This contrasting pattern has been attributed to competitive interaction, but Cifelli (1981) has shown that competition was not a factor. Janis (1989) offered climate change as an alternative explanation because the contrasting changes in the artiodactyl and perissodactyl fauna began at the Eocene/Oligocene boundary. This boundary marked the beginning of profound seasonal differences in the availability and abundance of vegetation that have persisted to the present. Janis (1976) suggested that artiodactyls responded by evolving a ruminant digestive tract and different modes of food selection, and their improved locomotion facilitated adaptation to open habitats where the vegetation grew. Thus, while a climate of low seasonality supported a greater diversity of hindgut fermenters, highly seasonal climates were more favourable to ruminants because ruminants had better access to and made better use of limited quantities of sparse fibrous vegetation.

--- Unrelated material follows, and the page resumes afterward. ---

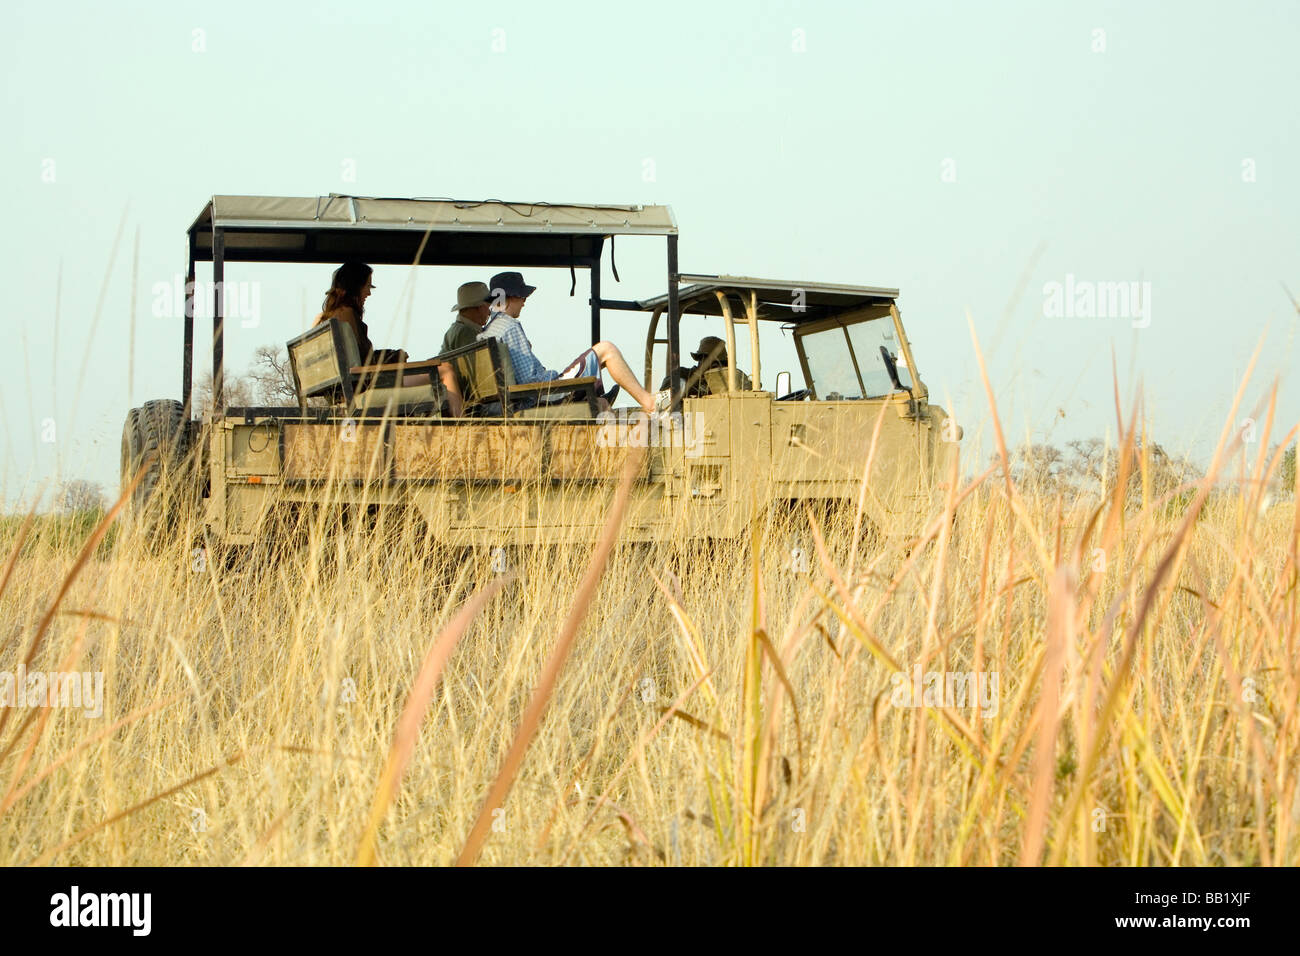 Ángulo de visión baja de una familia de safari, el delta del Okavango, Botswana Foto de stock

We advance here the idea, based on recent evidence we have obtained (Lust et al. 2007; Hébert et al. 2008), that an additional factor was a difference in the ability to thermoregulate, magnified by the changing climate. Adaptation and evolution are constrained by cold and hot environments that limit food and water supplies and impose temperature stress. Evolution of mechanisms that minimize the effects of these constraints, such as an ability to grow a thick winter pelage, results in radiation. Our data suggest that evolving a carotid rete, an anatomical structure best developed in artiodactyls while being completely absent in perissodactyls, was another physiological/anatomical adaptation that, in conjunction with rumination and locomotion, contributed to artiodactyl success.

2. Material and methods

Our hypothesis is based on contemporaneous measurements of carotid artery blood (Tcarotid) and brain temperature (Tbrain). To obtain true body temperatures of animals, they must be free living in their natural habitat and able to use all their thermoregulatory mechanisms, from behavioural to physiological, over all environmental conditions to which they are exposed. In addition, temperatures must be recorded frequently and for several months at a time. Using implanted thermistors and data loggers, we and colleagues measured brain and carotid artery blood temperatures for long periods of time in free-living animals that have a carotid rete, including wildebeest (Connochaetes gnou: Jessen et al. 1994); oryx (Oryx gazella: Maloney et al. 2002); eland (Taurotragus oryx: Fuller et al. 1999); and pronghorn (Antilocapra americana: Lust et al. 2007, Hébert et al. 2008), and in free-living non-rete animals including horse (E. caballus: Mitchell et al. 2006) and zebra (Equus burchelli: Fuller et al. 2000) in hot conditions in summer in the Southern Hemisphere but in both summer and winter in the Northern Hemisphere in pronghorns.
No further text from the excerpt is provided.